A companhia, porém, recorreu à SDI-1 do TST com a alegação de que buscou, de todas as formas e por todos os meios possíveis, preencher a cota mínima legal. Segundo o artigo 93, da Lei nº 8.213, de 1991, as empresas que possuem mais de cem empregados têm obrigatoriedade de reservar de 2% a 5% dos seus cargos para os beneficiários reabilitados pelo INSS ou pessoas portadoras de deficiência. A American Glass ainda alegou que a 8ª Turma do TST, ao julgar caso idêntico, excluiu a multa e indenização de empresa que comprovadamente tentou cumprir a cota e não conseguiu, o que demonstraria a divergência entre as turmas.

De acordo com o advogado que representa a companhia, José Alberto Couto Maciel, sócio da Advocacia Maciel, a decisão abre um precedente importante. “Temos visto muitas empresas que querem cumprir a lei e não conseguem por ser difícil de achar deficientes para preencher as vagas”, diz. Ele afirma que em estudo realizado recentemente foram localizados 300 mil deficientes para 600 mil vagas. “Além de não haver deficientes suficientes, existem trabalhos especiais que não podem comportar deficientes”, diz. Para Maciel, “é uma lei que não faz diferenciações e muitas vezes é impossível de se cumprir”.

Segundo a decisão do relator na SDI-1, ministro João Batista Brito Pereira, é incontroverso que a companhia tentou preencher as cotas ao se examinar os documentos juntados. A empresa protocolou na Agência do Trabalhador (Sine) anúncios de ofertas de emprego aos portadores de necessidades especiais e deu publicidade às vagas destinadas aos deficientes pela internet.

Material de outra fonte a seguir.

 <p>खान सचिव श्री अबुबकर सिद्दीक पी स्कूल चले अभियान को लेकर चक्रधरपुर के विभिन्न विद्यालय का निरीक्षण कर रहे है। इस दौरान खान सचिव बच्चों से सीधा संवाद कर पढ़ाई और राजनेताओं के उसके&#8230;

“Nesse contexto, conquanto seja ônus da empresa cumprir a exigência prevista na lei, ela não pode ser responsabilizada pelo insucesso, quando ficou comprovado que envidou esforços para preencher a cota mínima, sendo indevida a multa bem como não havendo falar em dano moral coletivo”, diz o ministro na decisão. No texto, cita diversos precedentes das turmas do TST nesse sentido.

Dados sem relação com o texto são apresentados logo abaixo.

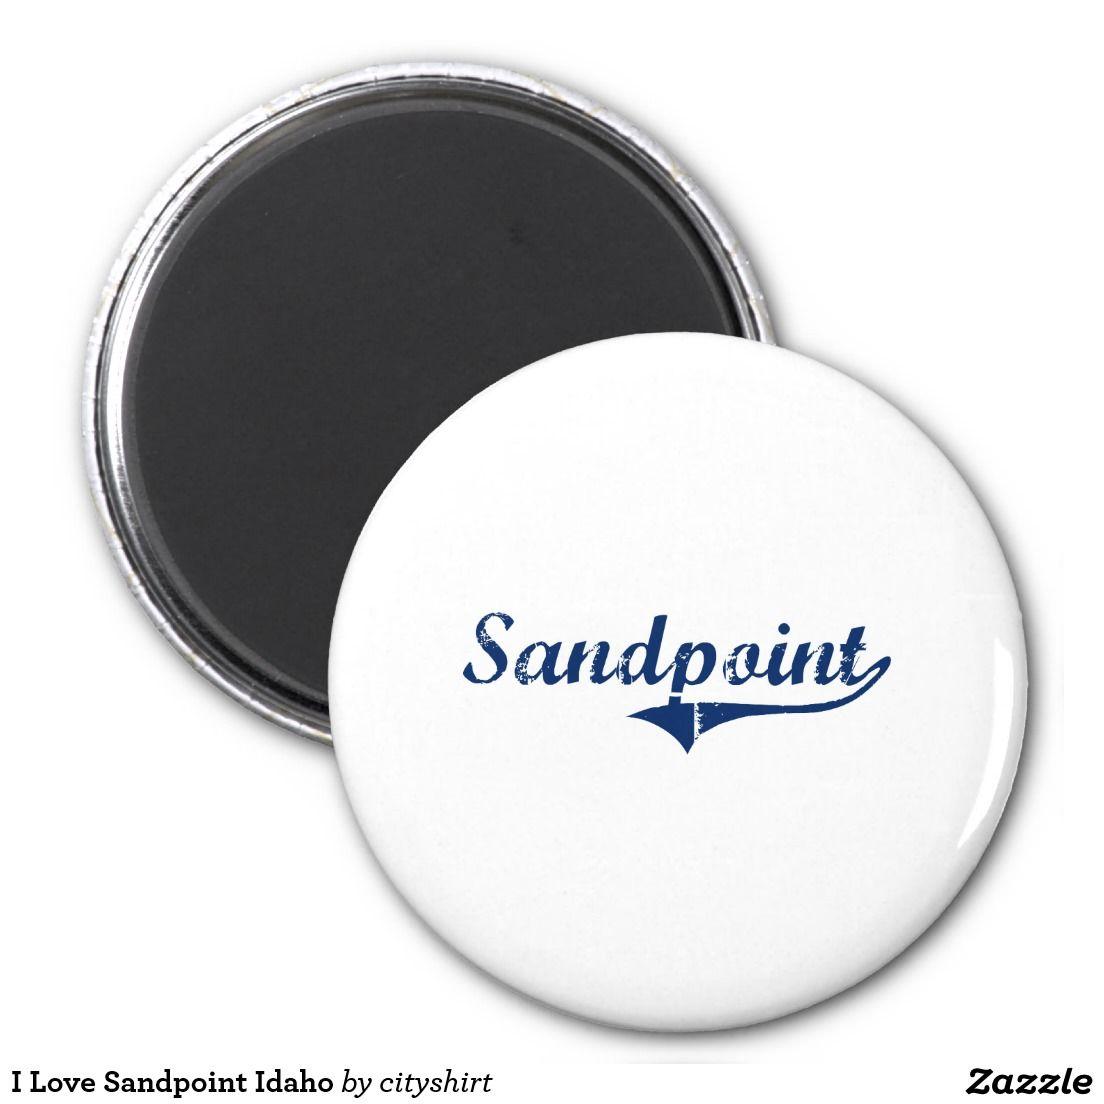 I love sandpoint idaho jersey city

Pereira ressaltou, porém, que apesar de não caber multa e indenização por dano moral coletivo, “não a exonera [a empresa] da obrigação de promover a admissão de pessoas portadoras de deficiência ou reabilitados, nos termos da lei”. A decisão foi publicada no dia 20 de maio.

Para o advogado trabalhista que atua no TST, Mauricio Corrêa da Veiga, sócio do Corrêa da Veiga Advogados, a decisão da SDI-1 deu esperança às diversas companhias que estão sendo punidas por não conseguirem deficientes suficientes para o trabalho. “Ainda havia divergência nas turmas do TST e com essa decisão a questão fica pacificada”, afirma.

Diante da quantidade de empresas que ainda têm dificuldade em preencher a exigência da lei, Veiga e seu sócio Luciano Pinheiro criaram um núcleo no escritório especializado para assessorar essas companhias. “Nossa defesa sempre se baseou nessa argumentação de que se a empresa tentou de todas as formas e não conseguiu preencher as vagas não poderia ser punida.”

A decisão, segundo o advogado Daniel Chiode, do Mattos Engelberg, demonstra que a Justiça do Trabalho tem sido mais sensível na discussão sobre a punição de companhias que não preenchem cotas de deficientes e de aprendizes. “A instituição dessas cotas não considerava a realidade de determinadas atividades e a existência de identificação de pessoas para assumir essas posições”, diz.

Ele cita empresas no setor do agronegócio, por exemplo, que têm 40 mil pessoas no campo e apenas 500 no administrativo. “Essas empresas não conseguem cumprir a exigência”, afirma. O advogado porém, ressalta, que as companhias têm que comprovadamente demonstrar que tentaram preencher essas vagas.